Louisiana’s political landscape is populated with lots of interesting characters, but not many are people of great character. Only a few are both. We lost one of those few recently when political consultant Ray Teddlie died on Feb. 4 after a long battle against Parkinson’s Disease. He was 59.
Teddlie got his start as a political consultant in the 1970s under the legendary Ray Strother, who also mentored James Carville. In fact, Teddlie and Carville both worked on one of Strother’s first New Orleans campaigns — the mayoral bid of Joe DiRosa in 1977. DiRosa lost the runoff to Dutch Morial in that transformational contest; Morial became New Orleans’ first African-American mayor.
Strother says Teddlie was a “brilliant copywriter” who also had a lovable and hilarious knack for bungling. He recalled the time they went to visit a friend at a local marina, and when Strother asked Teddlie to retrieve his wallet from the trunk of his car, Teddlie accidentally tossed the wallet and all its contents into the water. “He missed,” Strother laughed. “That was a typical day with Ray.”
Carville remembers Teddlie fondly from their early days in the business. “He was different than most political consultants because he was such an avid reader — and he was drop-dead funny,” Carville added. “Ray had a sense of humor that was unique. Few people in this business had knowledge that was as broad as his, and his humor was deep and sophisticated.”

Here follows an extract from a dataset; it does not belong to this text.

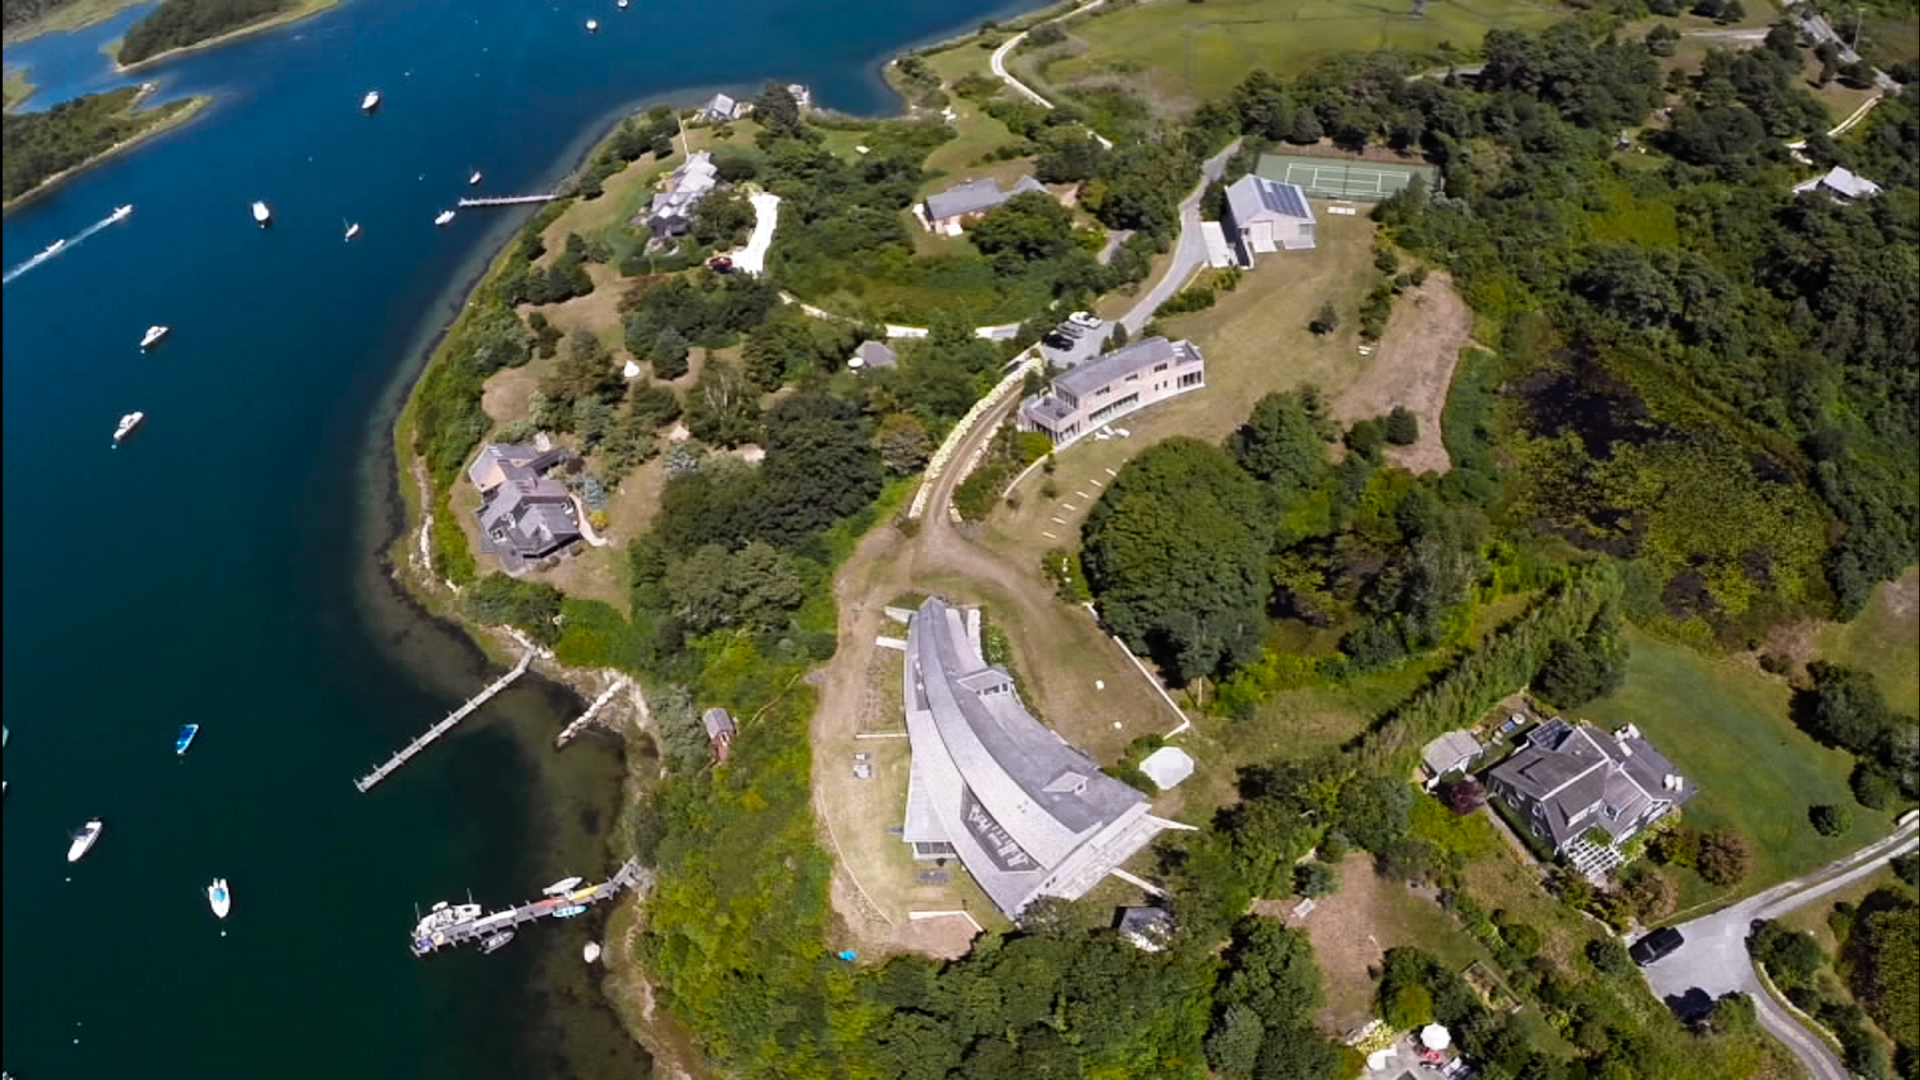 A controversial Martha's Vineyard mansion with accessory structures (center) convinced many citizens to address zoning laws in Chilmark

Teddlie handled the media for Kathleen Blanco’s successful run for governor in 2003, when she beat Bobby Jindal in a heated runoff. Blanco and her husband, Raymond “Coach” Blanco became two of Teddlie’s closest friends.
“Ray was a brilliant man who understood human nature and knew how to tap into the goodness of people,” she said in a statement released upon news of Teddlie's passing. “He was sensitive, and he used the subtlety of emotion quite effectively in his work. And he was fun to work with, so much so that we enjoyed helping on his other campaigns. … Ray was hands down the smartest man I ever met in Louisiana, and I’ve met a lot of smart people in my time.”
Teddlie had a vast array of clients. They included former Louisiana Supreme Court Chief Justice Pascal Calogero Jr., Justice Jeannette Theriot Knoll, state Attorney General Buddy Caldwell, former Mayor Sidney Barthelemy, former U.S. Rep. Bob Livingston, Jefferson Parish DA Paul Connick, Jr., Clerk of Civil District Court Dale Atkins, Orleans Parish Sheriff Marlin Gusman, Public Service Commissioner Lambert Boissiere III, more than a dozen area judges.
Atkins, who was a Teddlie client as well as a fellow adviser to Blanco, remembers him as a man of many gifts. “Two of these gifts were his big heart and his gift of words,” she said. “It was his caring heart that made his clients more than clients. Ray developed relationships with his clients that transcended business and political relations. He portrayed his clients as humans and showed a softer side. It was this gift of words that enabled him to write on paper what he felt in his heart. As caring as Ray was, he also was someone that you wanted in the trenches. He was a tenacious fighter.”
Sadly, he lost his toughest fight of all against Parkinson’s. Throughout that long campaign, however, he remained active on behalf of his clients. And I never heard him complain about his illness or his fate. That kind of character is rare anywhere, even more so in politics.